The Lamer Winkel is a region in the northern Bavarian Forest between the mountains of Hoher Bogen, Osser, Arber and Kaitersberg; politically it belongs to the county of Cham in the Bavarian province of Upper Palatinate.

== Geography ==

This formerly remote valley is one of the most scenic regions of the Bavarian Forest and, as a result, has been heavily developed in recent decades for tourism. In the Lamer Winkel are the municipalities of Lohberg, Lam and Arrach, which form a popular holiday region, especially for families.

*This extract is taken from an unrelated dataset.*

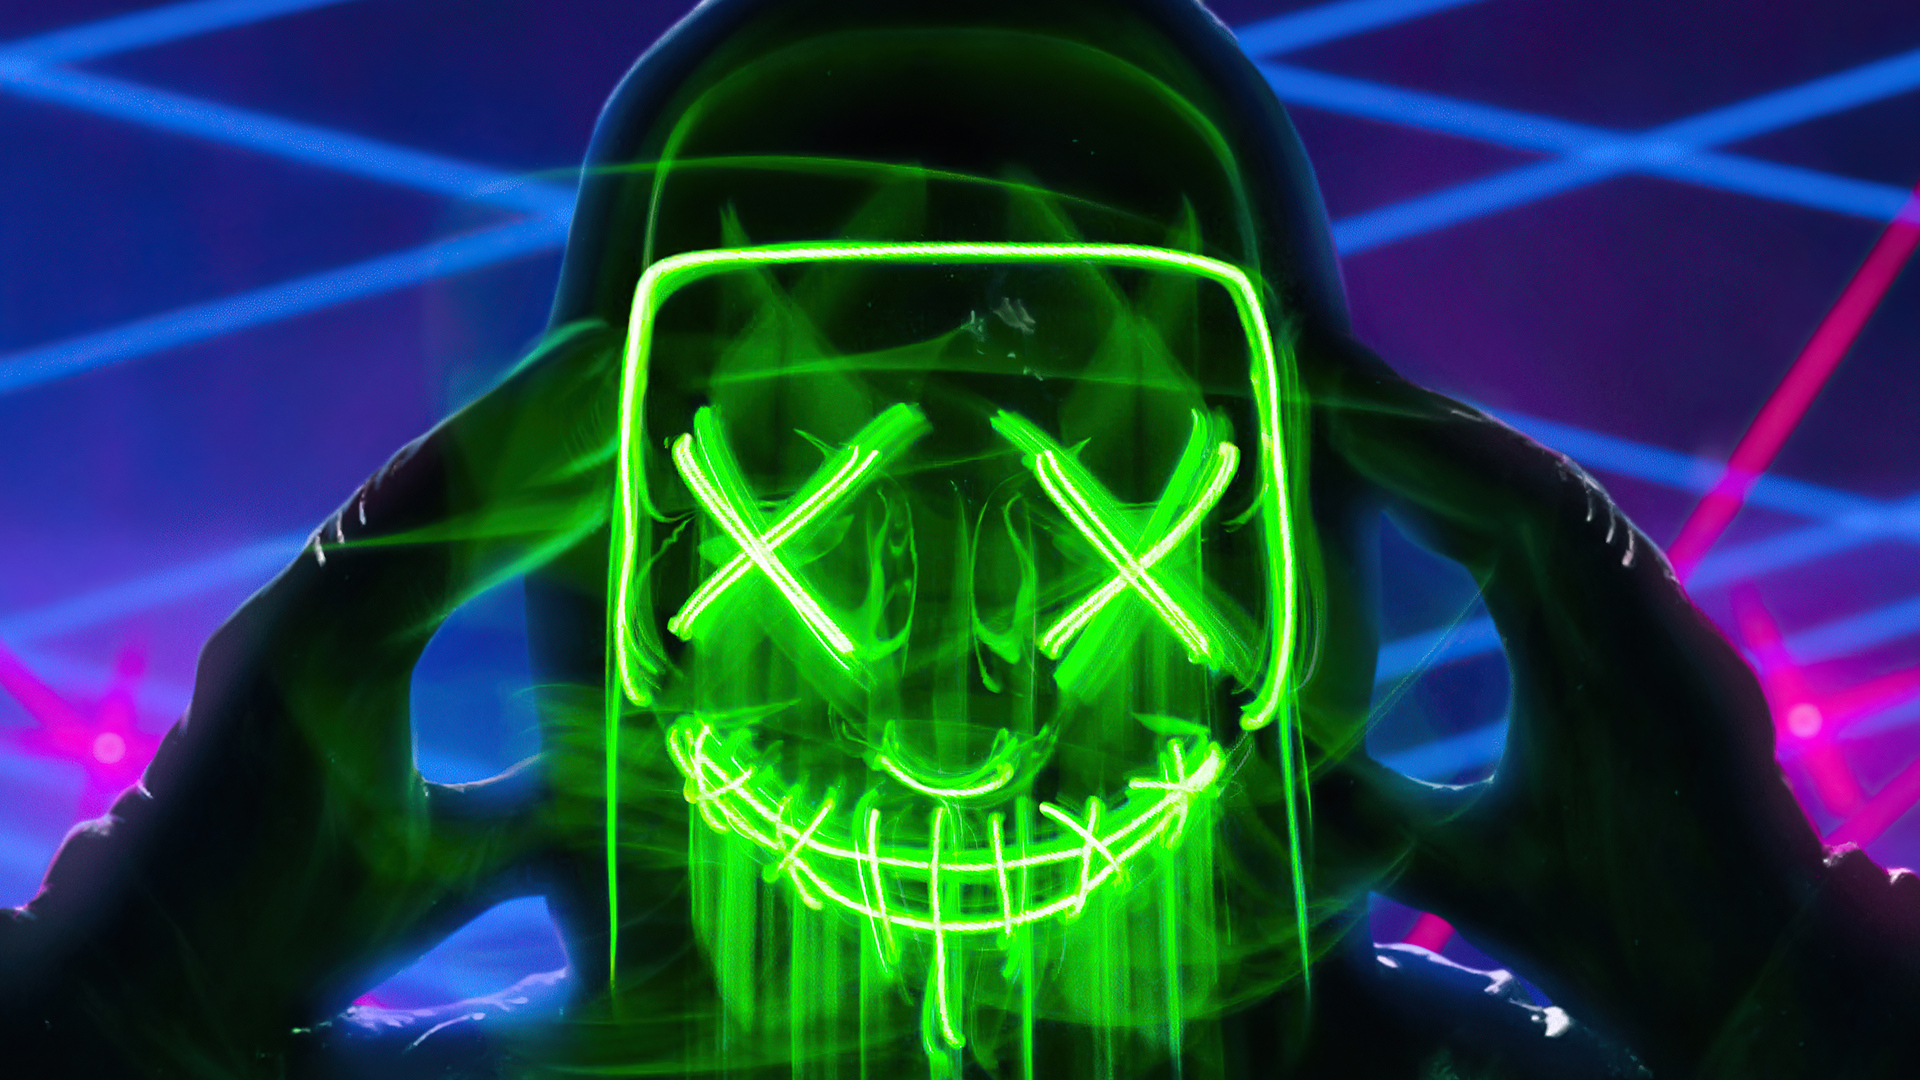 1920x1080 Neon Green Mask Triangle Guy 4k Laptop Full HD ...

The valley is surrounded by the densely wooded ridges of the Hoher Bogen and the Kunisch Mountains in the north and by the crests of the Arber and Kaitersberg in the south. There are numerous hiking trails to the surrounding summits as well as along the valley. Hiking, walking, cycling and, in winter, cross-country skiing are popular activities.

The Lamer Winkel is not only accessible by car, but also with the Oberpfalzbahn railway, which runs from Cham to Lam. The latter is the largest village in the valley and gives it its name. It remains an unspoilt market village.

Bayerischer-wald.org offers a regional description of the Lamer Winkel as a valley tourism destination framed by the Osser, Arber, and Kaitersberg mountains, listing the main towns.

== History ==

The Lamer Winkel was first developed in 1279 by clearance and settlement activity under the aegis of Rott am Inn Abbey. By 1420 most of the villages outside Lam had been established. In the 15th century, the Hussite Wars and Böckler War led to considerable devastation and abandonment. In the 16th century the villages and farmsteads were rebuilt The old glassworks, glass grinding workshops and hammer mills in Lohberghütte and Schrenkenthal developed into early industrial sites in the 19th century.